*REQUIRED WORK:*
Give the data below again exactly as it stands. Omit the pictures.

*THE DATA:*
-- Opening Marker --

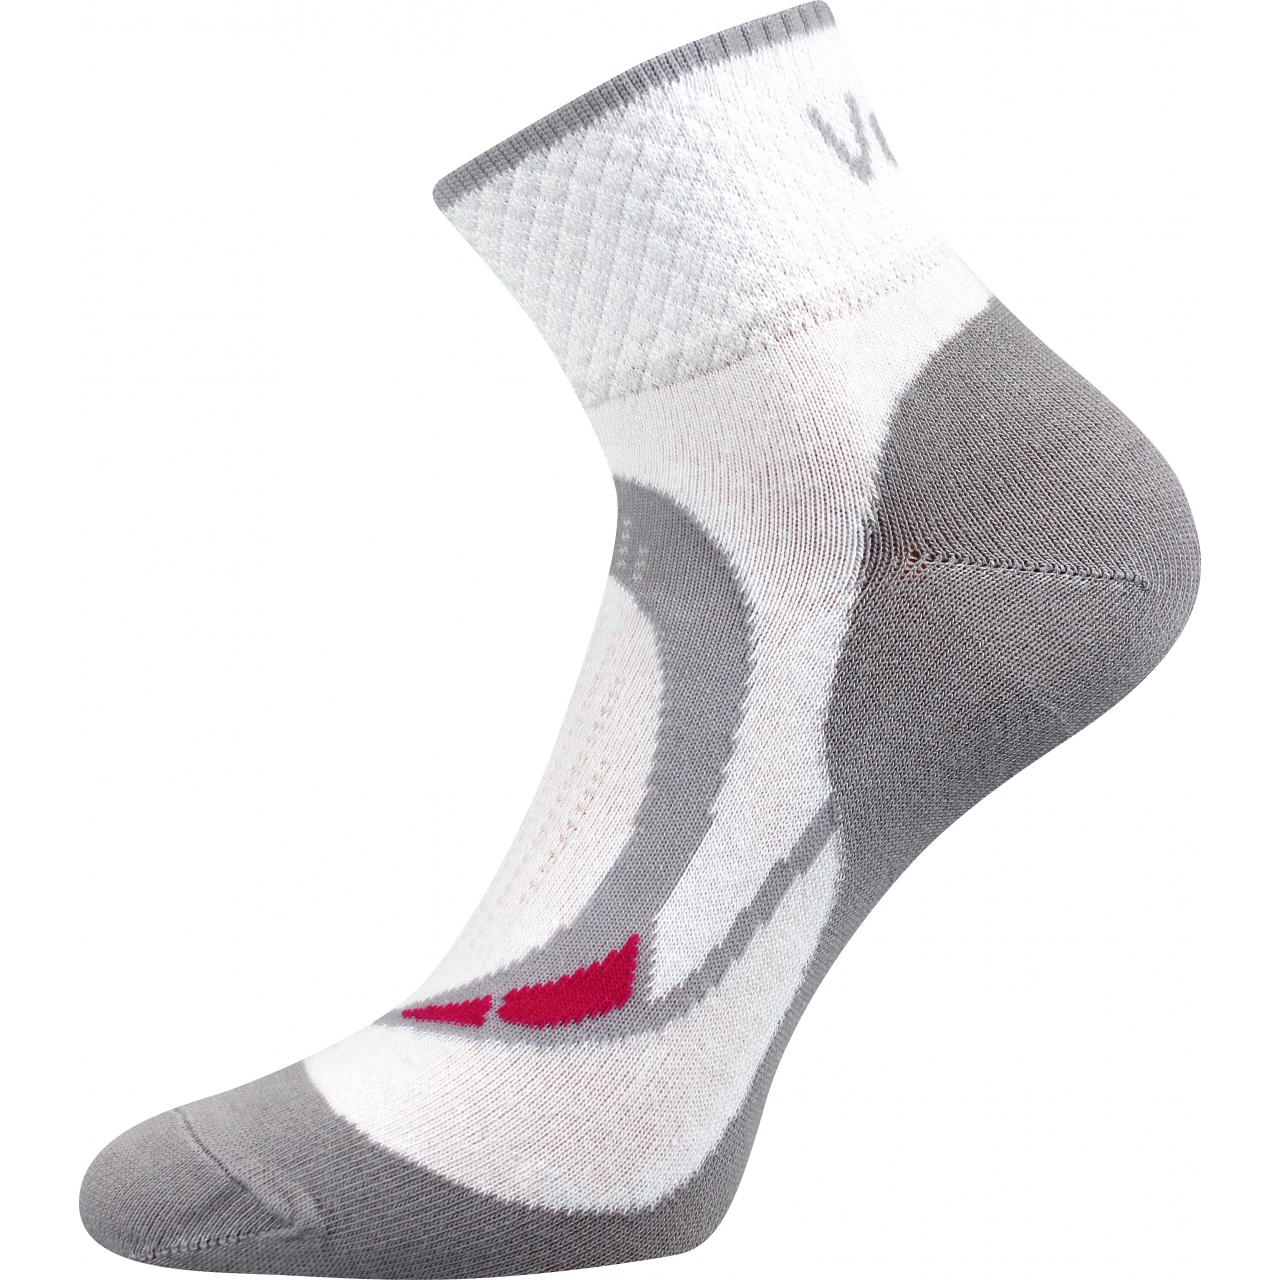 Ponožky dámské sportovní Voxx Lira - bílé, 39-42
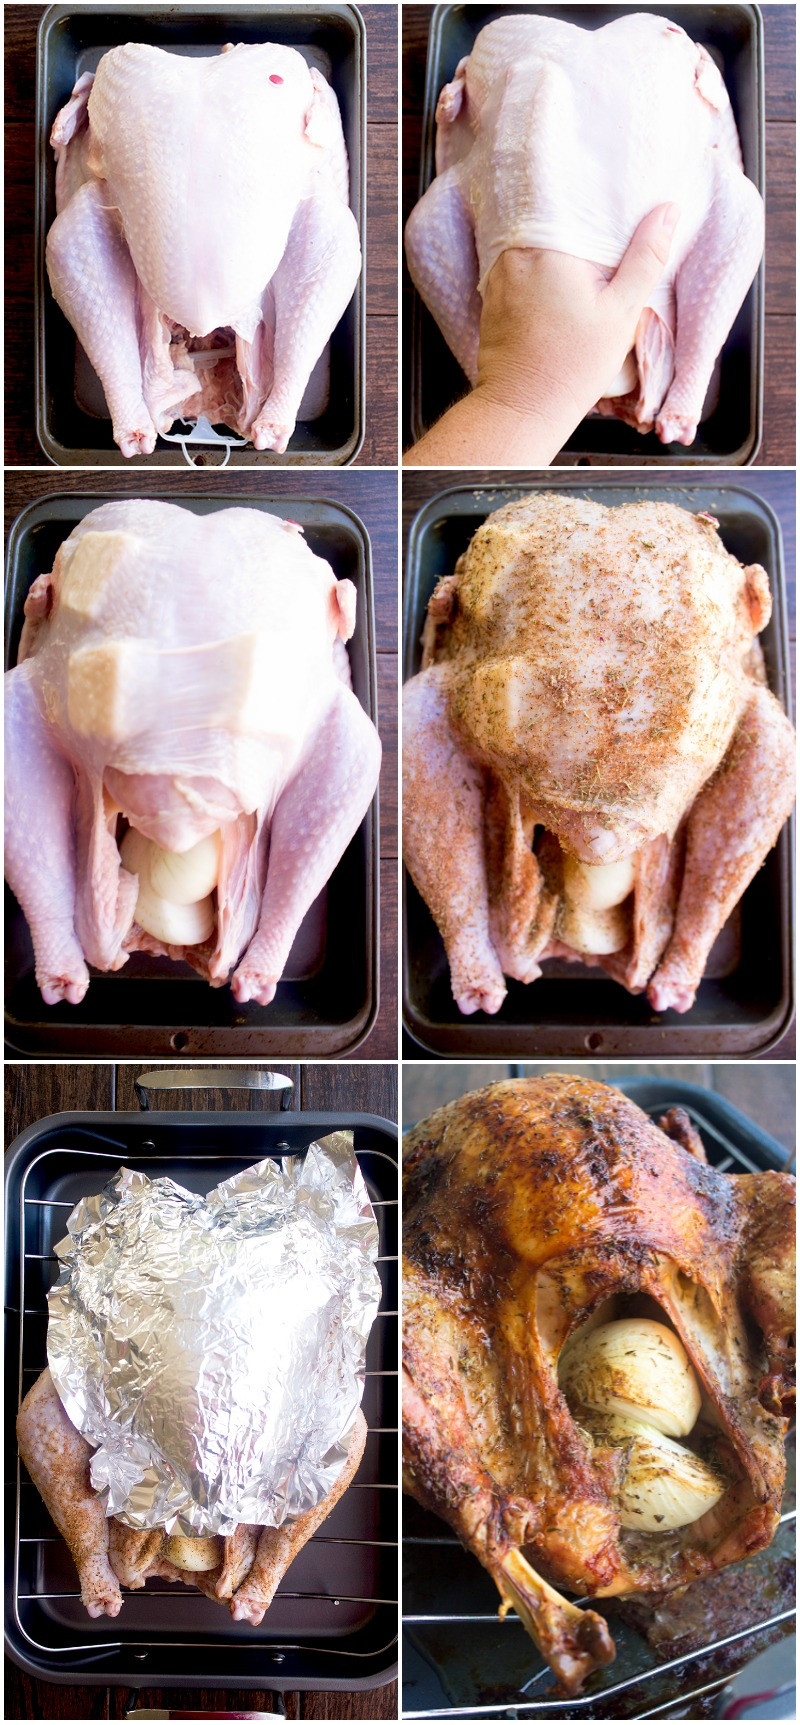 The Best Thanksgiving Turkey Recipe
 Best Thanksgiving Turkey Recipe How to Cook a Turkey

-- Closing Marker --

*SOLUTION TO THIS EXERCISE:*
 Ponožky dámské sportovní Voxx Lira - bílé, 39-42
 The Best Thanksgiving Turkey Recipe
 Best Thanksgiving Turkey Recipe How to Cook a Turkey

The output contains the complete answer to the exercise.